[Patches] [ python-Patches-872326 ] generator expression implementation

SourceForge.net noreply at sourceforge.net
Sun Mar 21 11:59:14 EST 2004


Patches item #872326, was opened at 2004-01-07 21:10
Message generated for change (Comment added) made by jiwon
You can respond by visiting: 
https://sourceforge.net/tracker/?func=detail&atid=305470&aid=872326&group_id=5470

Category: Parser/Compiler
Group: None
Status: Open
Resolution: None
Priority: 5
Submitted By: Jiwon Seo (jiwon)
Assigned to: Raymond Hettinger (rhettinger)
Summary: generator expression implementation

Initial Comment:
Since I was interested in pep 289(generator
expression), I dabbled with it, and implemented a
working version of it. I'm not sure if I did it right,
but maybe someone who knows better can fix it right.

1. Grammar has two changes, which is
 a. atom: '(' [testlist] ')' | '[' [listmaker] ']' | ...

     changes to 

    atom: '(' [testgenexpr] ')' | '[' [listmaker] ']' | ...

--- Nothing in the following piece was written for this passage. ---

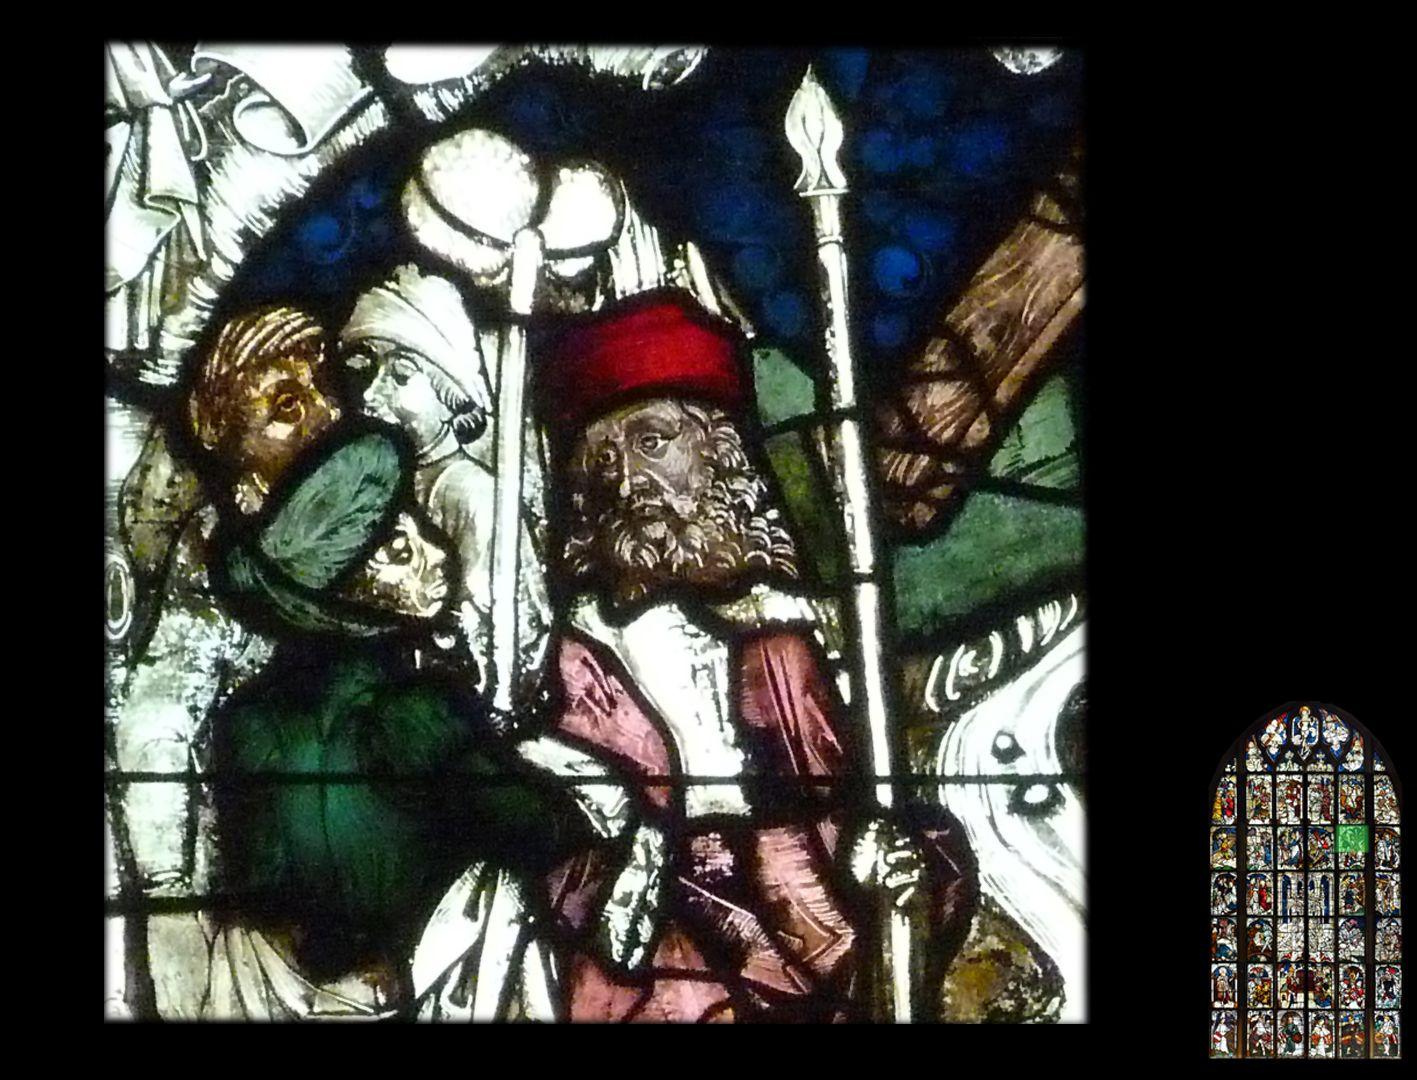 Kaiserfenster Übergabe des Kreuzes an Kaiserin Helena, Detail mit dem Trägern des Stabes mit dem Essigschwamm und der heiligen Lanze

     where testgenexpr defines like this.
 
    testgenexpr: test ( gen_for | (',' test)* [','] )

 b. argument: [test '='] test
 
     changes to

    argument: [test '='] test [gen_for]

 (gen_for, gen_if, gen_iter is similar to list_for,
list_if, list_iter respectively.)

2. Instead of changing rule of arglist in Grammar to
accept generator expression, I changed argument rule
like 1.b. This means Grammar accepts generator
expression without parenthesis in function call even
there are several arguments, like

reduce(operator.add, (x for x in range(10))) 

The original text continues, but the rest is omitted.